Sensitivity of sea ice to changes in air temperature
Topic proposed by myself, Katie Brennan, and Robin Clancy at UW
Scientific Motivation
The state of global sea ice is strongly related to changes in global mean temperature. This is in part a result of the sea ice-albedo feedback, which amplifies ice loss with increases in Arctic air temperature. The sensitivity of atmospheric temperature response to changes in sea ice mean state (i.e. Rind et al., 1995) highlights the importance of constraining the sea ice response to climate perturbations. However, the magnitude of this response and feedback in global climate models is strongly dependent on parameterizations and tuning of the mean sea ice state. The observed decline in sea ice extent has been more rapid than predicted by nearly all CMIP3 models, as well as most CMIP5 models (Stroeve et al., 2012).

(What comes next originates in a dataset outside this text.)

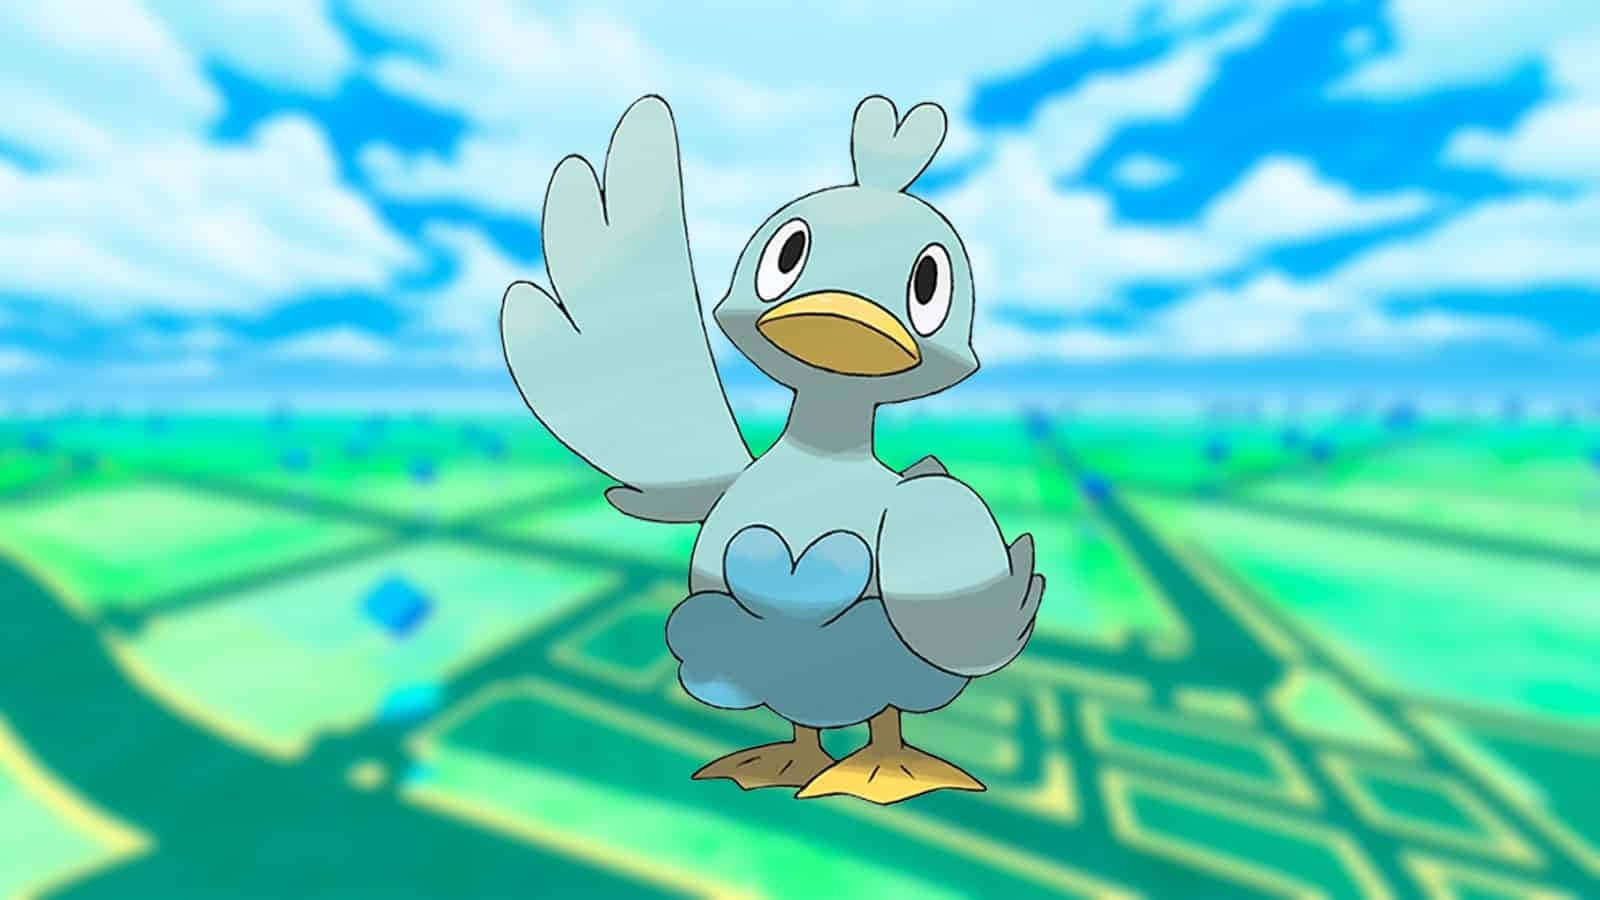 Papelde Parede De Ducklett No Mapa De Pokémon Go. Papel de Parede

There is a large amount of internal variability inherent in the sea ice system. This variability is drastically different across the models (Swart et al., 2015), and is an important consideration for interpretation of changes in sea ice. The divergence of prior CMIP model predictions from observations is suspected to be in part explained by the role of internal variability, and possibly by an under-representation of the sensitivity to changes in temperature (e.g. Stroeve et al., 2012).
Proposed Hacking
During the CMIP6 hackathon, we hope to evaluate the degree to which changes in air temperature (and in particular, Arctic air temperature) result in changes in the sea ice state.

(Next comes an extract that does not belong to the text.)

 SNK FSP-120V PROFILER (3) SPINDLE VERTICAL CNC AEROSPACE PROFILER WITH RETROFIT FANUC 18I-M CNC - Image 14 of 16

- Evaluate changes in sea ice mean state with warming
- Essential to consider thickness as well as extent, as models with initially thicker ice generally retain more ice throughout the 21st century (Holland et al., 2010)
- Are there any “tipping points” at which summer sea ice area rapidly declines?
- Evaluate spatial patterns in sensitivity across models
- Evaluate the relationship of air temperature with the internal variability in sea ice.
- Are patterns consistent across models?
- Are patterns consistent with those found in reanalysis?
- Are there any lagged effects of heating in Spring that create larger sea ice anomalies in summer?
- Evaluate differences between models and observations
- Do any terms in sea ice energy budget help explain model variation from observations?
- Examine asymmetries between the hemispheres in models and observations
Anticipated Data Needs
Sea ice variables: area (siarean, siareas), concentration (siconc or siconca), thickness (sithick), volume (sivol, sivols, sivoln)
Atmospheric variables: near-surface air temperature (tas), downwelling longwave flux (rld)
Ocean variables: sea surface temperature (tos)
Global variables: grid cell area (areacello)
Experiments:
Pre-industrial control, historical, 4xCO2/some other warming scenario
Other data: Compare results to observations/reanalysis
Historical sea ice concentration (https://nsidc.org/data/g02202#)
Atmospheric temperature (ERA5 or some other reanalysis product)
Anticipated Software Tools
Python/xarray
Desired Collaborators
Anyone with interest in sea ice or polar climate.